Available records
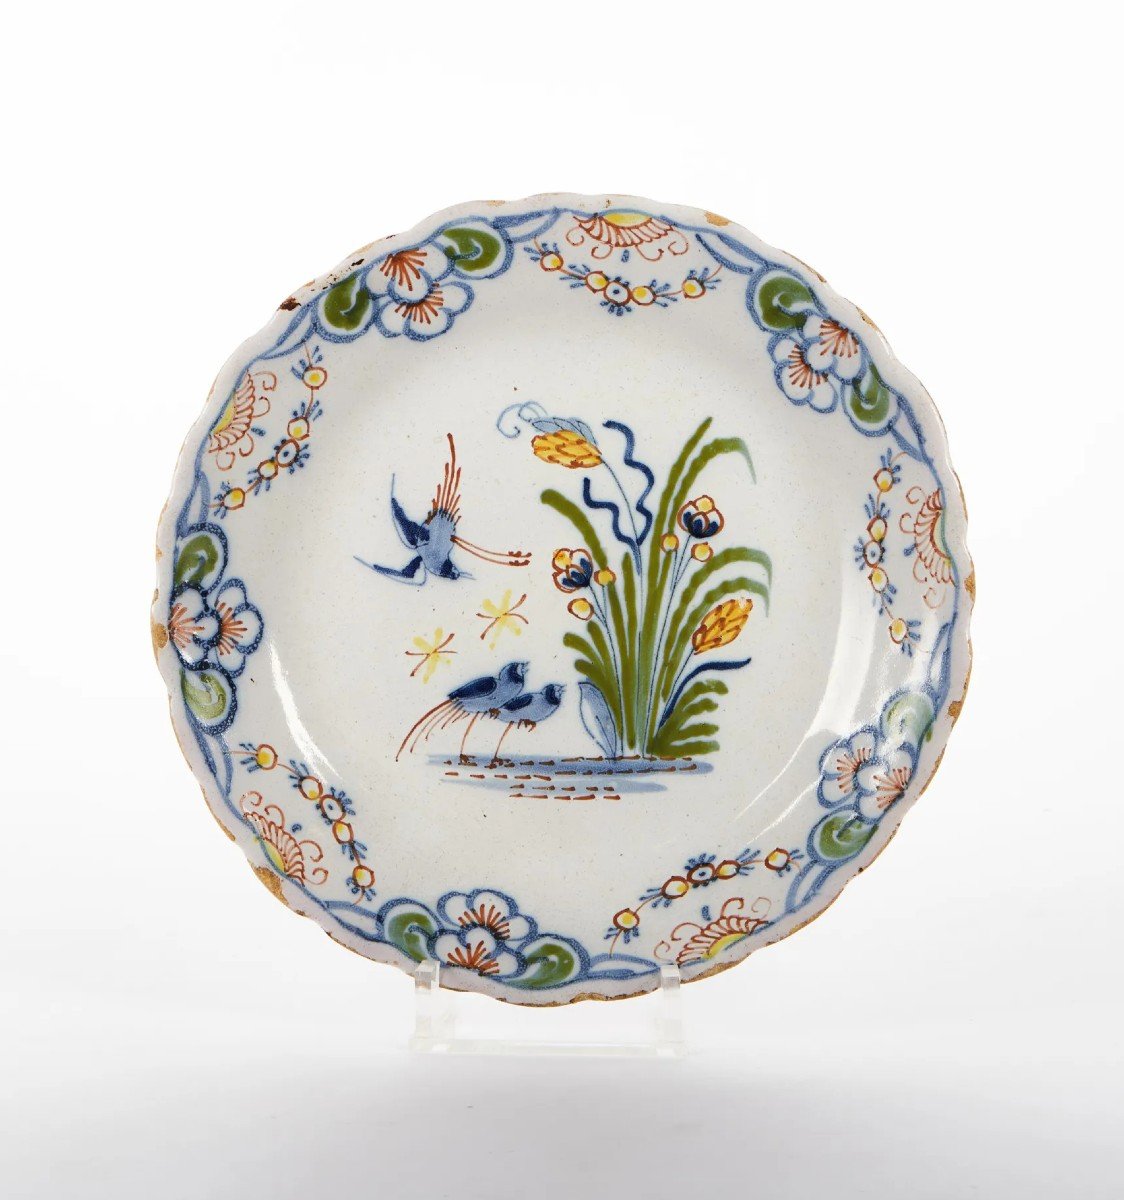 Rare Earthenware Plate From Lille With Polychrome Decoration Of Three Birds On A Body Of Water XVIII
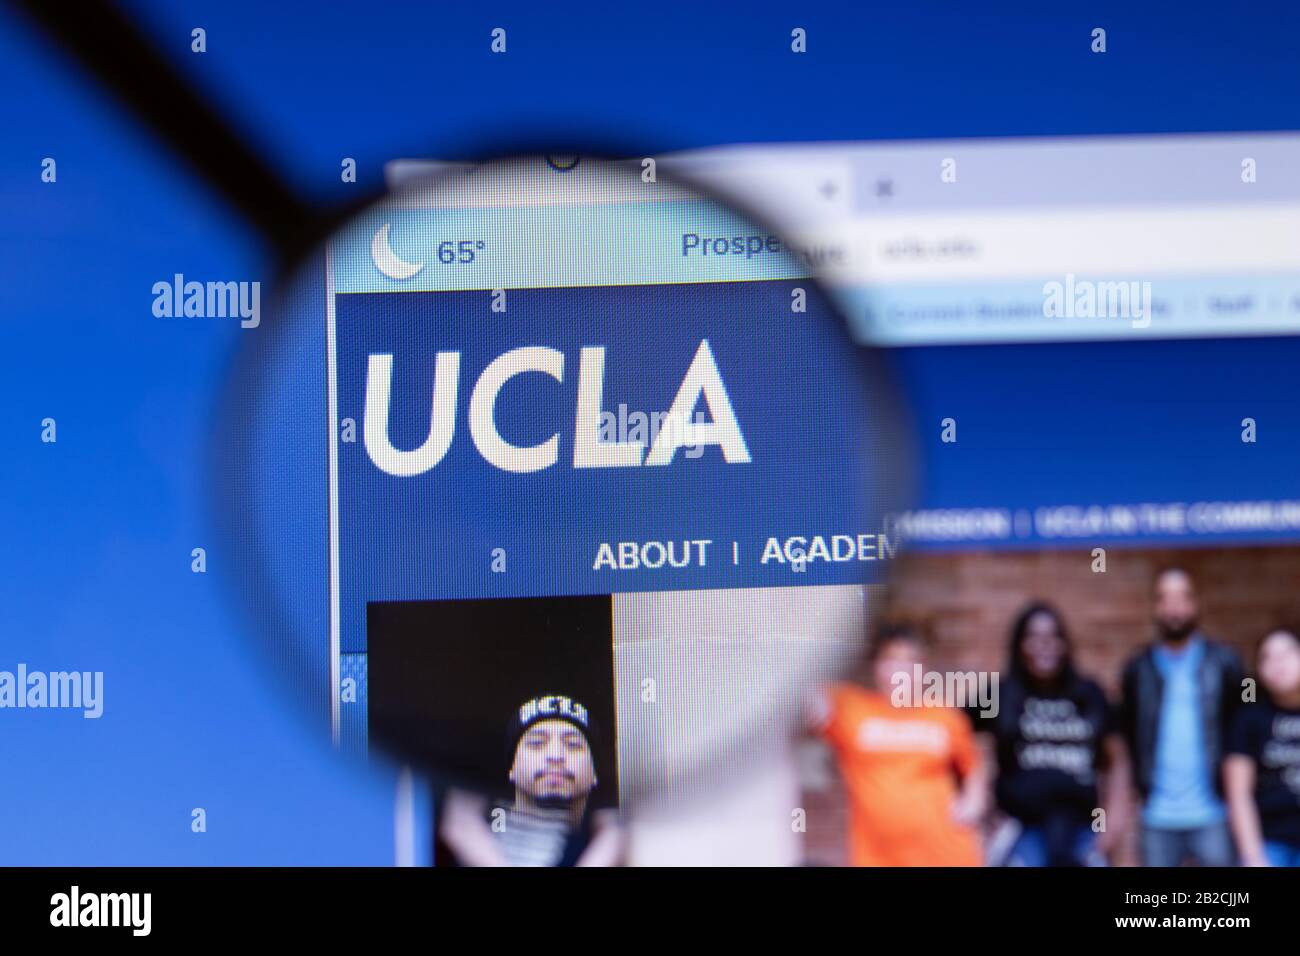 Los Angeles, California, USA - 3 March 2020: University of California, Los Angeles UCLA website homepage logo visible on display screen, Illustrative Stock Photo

...

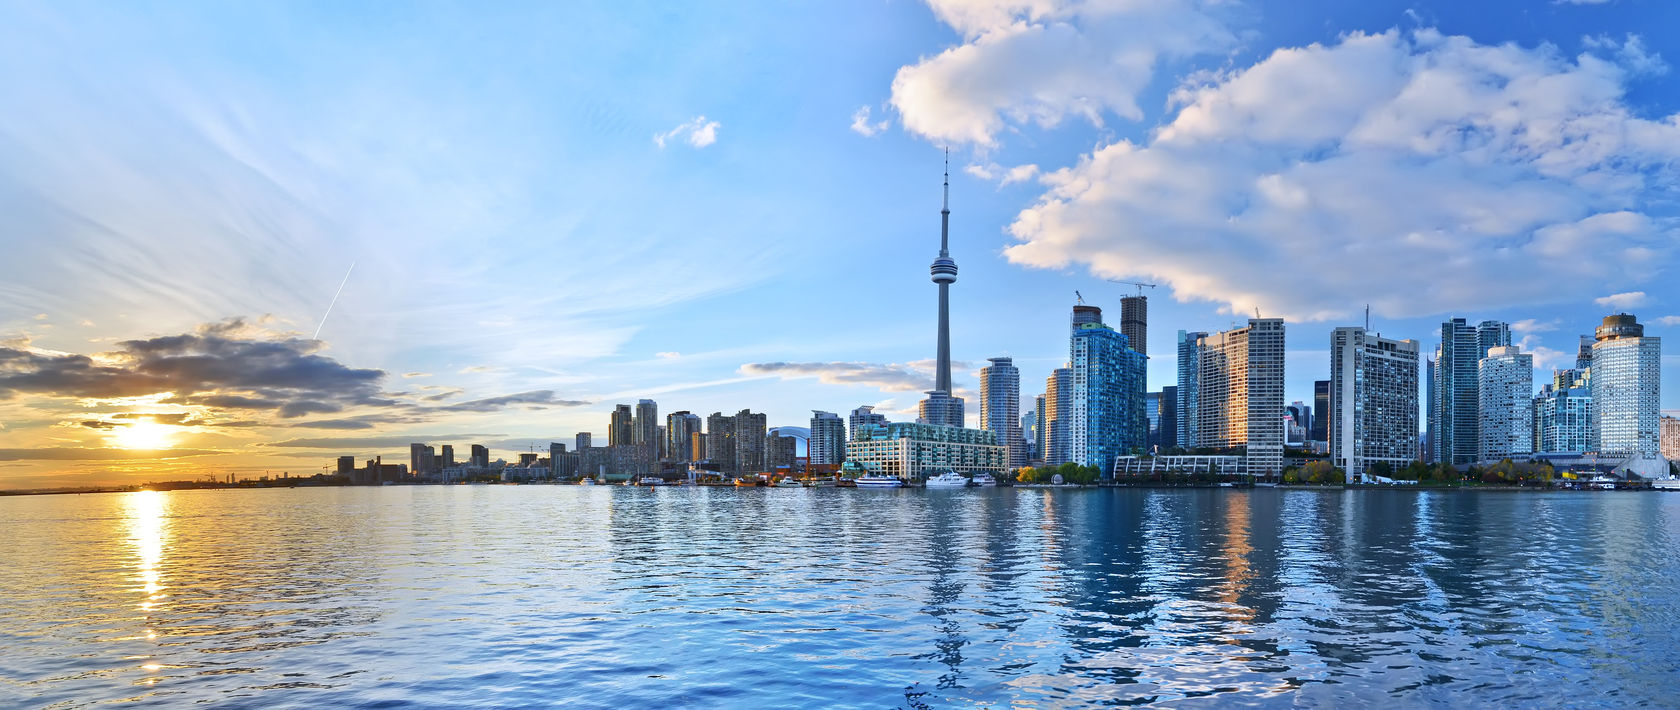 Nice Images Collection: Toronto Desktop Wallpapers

Task prompt
Copy word for word the lines above, starting at the line containing "Rare Earthenware Plate" and ending at the line containing "Los Angeles, California, USA", inclusive, with no pictures.

Solution to this task
 Rare Earthenware Plate From Lille With Polychrome Decoration Of Three Birds On A Body Of Water XVIII
 Los Angeles, California, USA - 3 March 2020: University of California, Los Angeles UCLA website homepage logo visible on display screen, Illustrative Stock Photo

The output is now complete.